This work presents a Retrieval-Augmented Generation (RAG) chatbot for Python learning, leveraging ChromaDB, Sentence Transformers, and Google Gemini 1.5 Flash LLM. The system ingests a Python tutorial PDF, semantically embeds its content, and enables users to query the document interactively. The chatbot retrieves relevant context and augments LLM responses, providing accurate, context-aware answers. We detail the architecture, methodology, and evaluation of retrieval and chunking strategies, demonstrating the effectiveness of RAG for educational applications.
Requirements:
Python 3.8+
Streamlit
ChromaDB
Sentence Transformers
Google Gemini API Key
https://github.com/Hars99/RAG_Based_Assistant_for_python_learning.git
git clone https://github.com/Hars99/RAG_Based_Assistant_for_python_learning.git cd RAG_Assistant python -m venv venv venv\Scripts\activate # Windows pip install -r requirements.txt python ingest.py $env:GEMINI_API_KEY="your-gemini-api-key" # Set your Gemini API key streamlit run app.py
Large Language Models (LLMs) have revolutionized natural language understanding, but their responses are limited by training data. Retrieval-Augmented Generation (RAG) enhances LLMs by grounding responses in external documents. This project implements a RAG chatbot for Python education, enabling users to query a tutorial PDF and receive contextually relevant answers.

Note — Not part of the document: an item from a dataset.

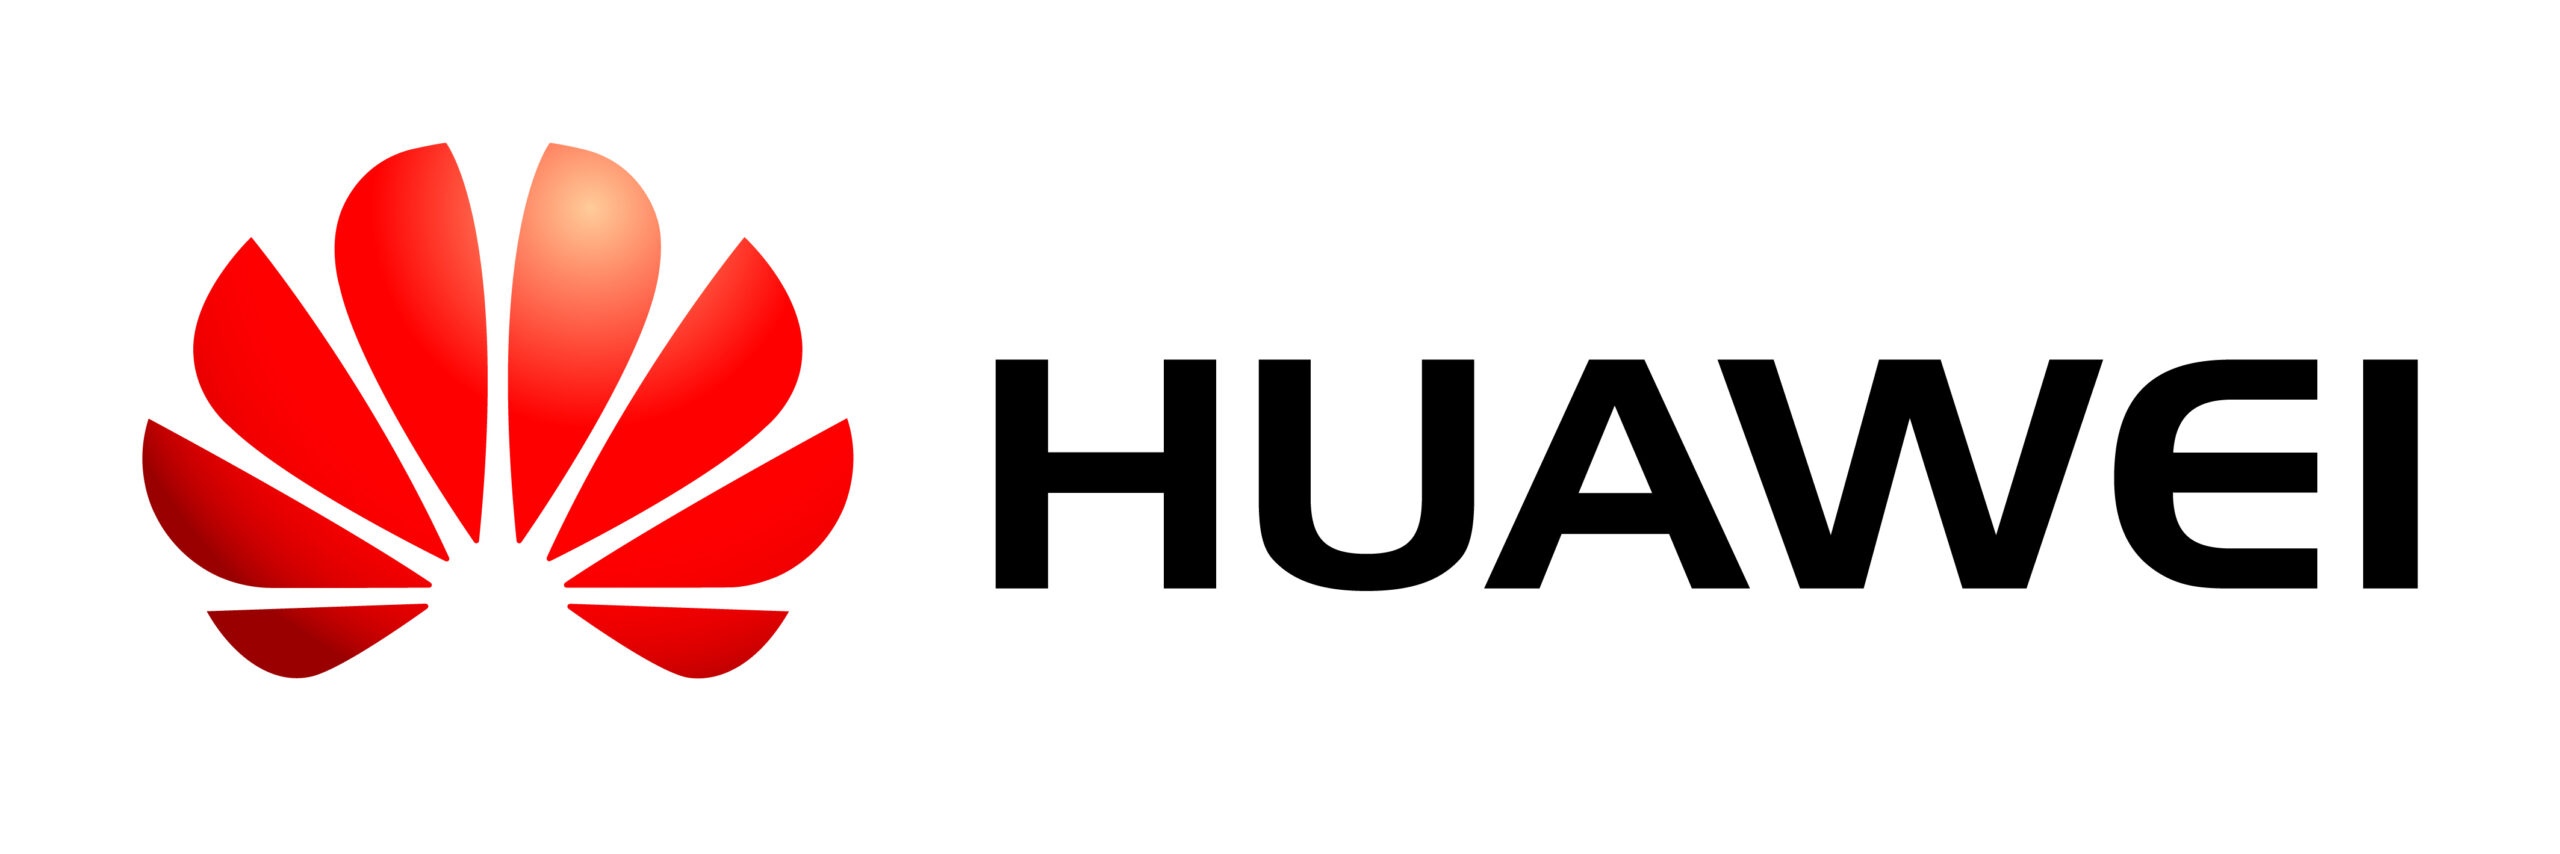 Huawei-logo-wallpaper

Chunk size: 200–600 tokens (typical for explanatory text + small code blocks).
Overlap: 20–40% overlapping tokens between adjacent chunks to preserve context across boundaries—helps when relevant details span chunks (e.g., variable definitions followed by sample code).
Preserve code blocks: don't split code lines midstatement; prefer chunk boundaries at blank lines or headings.
Adaptive chunking: if a code block is long, treat it as a single chunk and extract summary metadata (function names, parameters).
Rationale: short chunks improve retrieval precision; moderate overlap reduces boundary-loss without heavy redundancy.
The chatbot maintains conversational memory and leverages prompt engineering to reformulate user queries. Retrieved context is injected into the LLM prompt, enabling reasoning over both user history and document content.
User queries are embedded and matched against stored chunks in ChromaDB. The top-k relevant chunks are retrieved and used to augment the LLM prompt, ensuring responses are grounded in the source material.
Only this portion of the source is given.